1)西安工程大学理学院 陕西西安 710048; 2)西安交通大学智能网络与网络安全教育部重点实验室 陕西西安 710049

模式识别; 图像处理; 微型博客; 新浪微博; 多媒体数据; 文本检测; 文本提取; 主题识别; 舆情监管

Mining method of public opinion related topic in network multimedia data
LIU Runqi1, HE Xingshi1, NAN Yifei2, and WANG Bo2

1)School of Science, Xi'an Polytechnic University, Xi'an 710048, Shaanxi Province, P.R.China2)Ministry of Education Key Lab for Intelligent Networks and Network Security, Xi'an Jiaotong University, Xi'an 710049, Shaanxi Province, P.R.China

pattern recognition; image processing; microblog; Sina weibo; multimedia data; text detection; text extraction; subject recognition; public opinion supervision

DOI: 10.3724/SP.J.1249.2020.01072

备注

如何高效地从图像、视频等多媒体数据中挖掘网络舆情事件的关联主题给网络舆情的有效监管带来了重大挑战.研究图像和视频截图等多媒体数据中文本信息的抽取方法,并在此基础上实现舆情关联主题的检测.选择新浪微博中的3个典型舆情事件为研究对象,设计网络爬虫收集事件中的文本、图像和视频多模态数据; 采用连接文本提议网络(connectionist text proposal network, CTPN)的文字检测算法实现文本信息定位,利用DenseNet网络和连接时序分类(connectionist temporal classification, CTC)相结合的方法进行文本提取; 提出多粒度潜在狄利克雷分布(multi granularity-latent Dirichlet allocation, MG-LDA)和jieba分词相结合的舆情关联主题提取方法.实验结果表明,所提出的方法可准确提取多媒体数据中不同格式、不同分辨率、不同颜色、不定位置和不同角度的文本信息,为精确把握舆情演化态势提供有力的数据支撑.

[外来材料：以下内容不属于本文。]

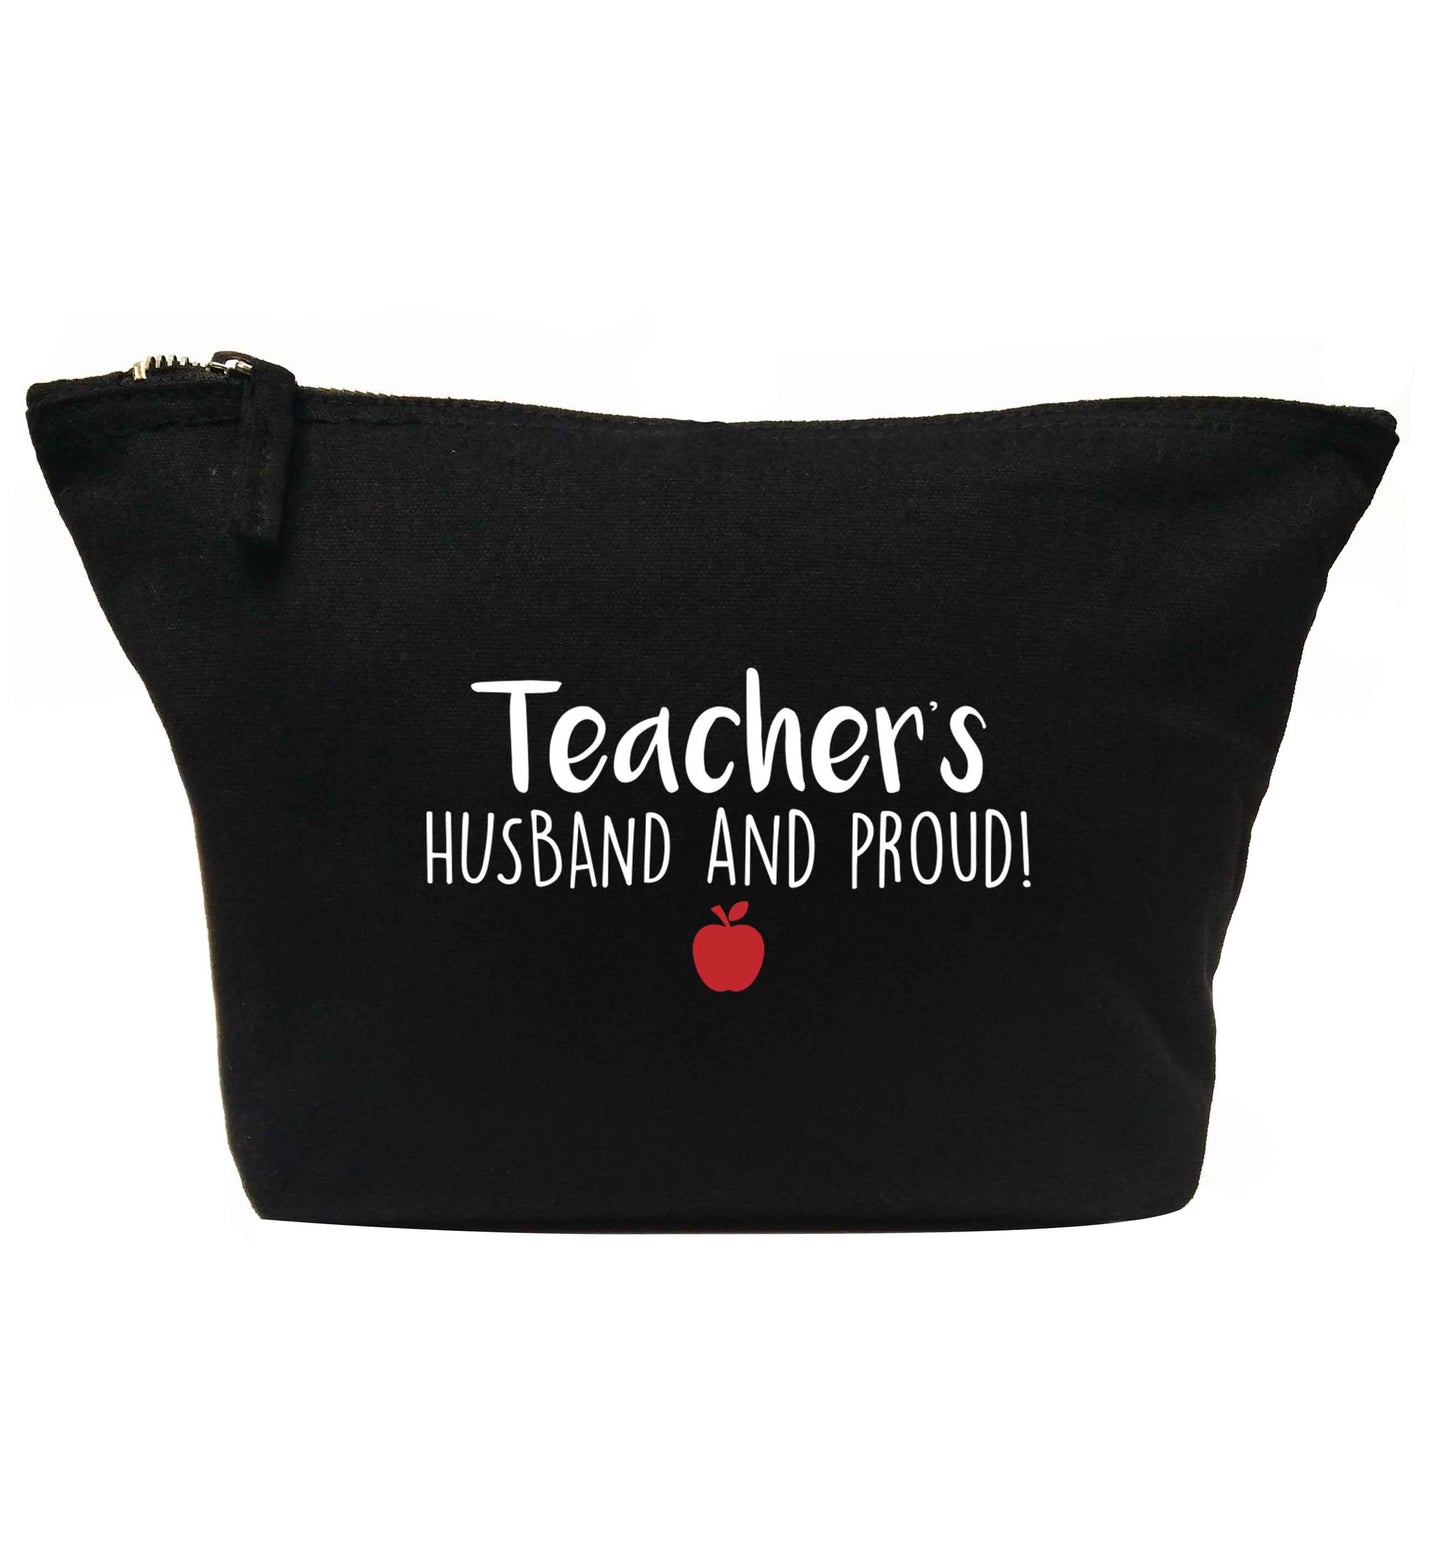 Teachers husband and proud | Makeup / wash bag

Social media has become the platform for rumors rapid propagation, more and more users adopt the pictures and videos to express their opinions in order to avoid being detected by text-based approaches, which has greatly affected the efficiency of online public opinion monitoring. For tackling the above-mentioned problem, this paper mainly studies how to extract the related opinions from the multimedia network data. Firstly, three typical events in Sina weibo are selected as the research targets, in which the web crawler is designed to collect the multimedia data. Secondly, the text detection algorithm based on connectionist text proposal network(CTPN)is employed to perform the text localization, and then a fusion method by combining DenseNet and connectionist temporal classification(CTC)is employed to perform text extraction. Finally, an effective algorithm by combining multi granularity-latent Dirichlet allocation(MG-LDA)and jieba is proposed to accurately identify the related topics from the extracted text. The experimental results show that the proposed method can accurately extract the texts from multimedia with different formats, resolutions and colors, and can also extract the texts with different rotating angles. Our research provides the solid foundations for online public opinion monitoring.

·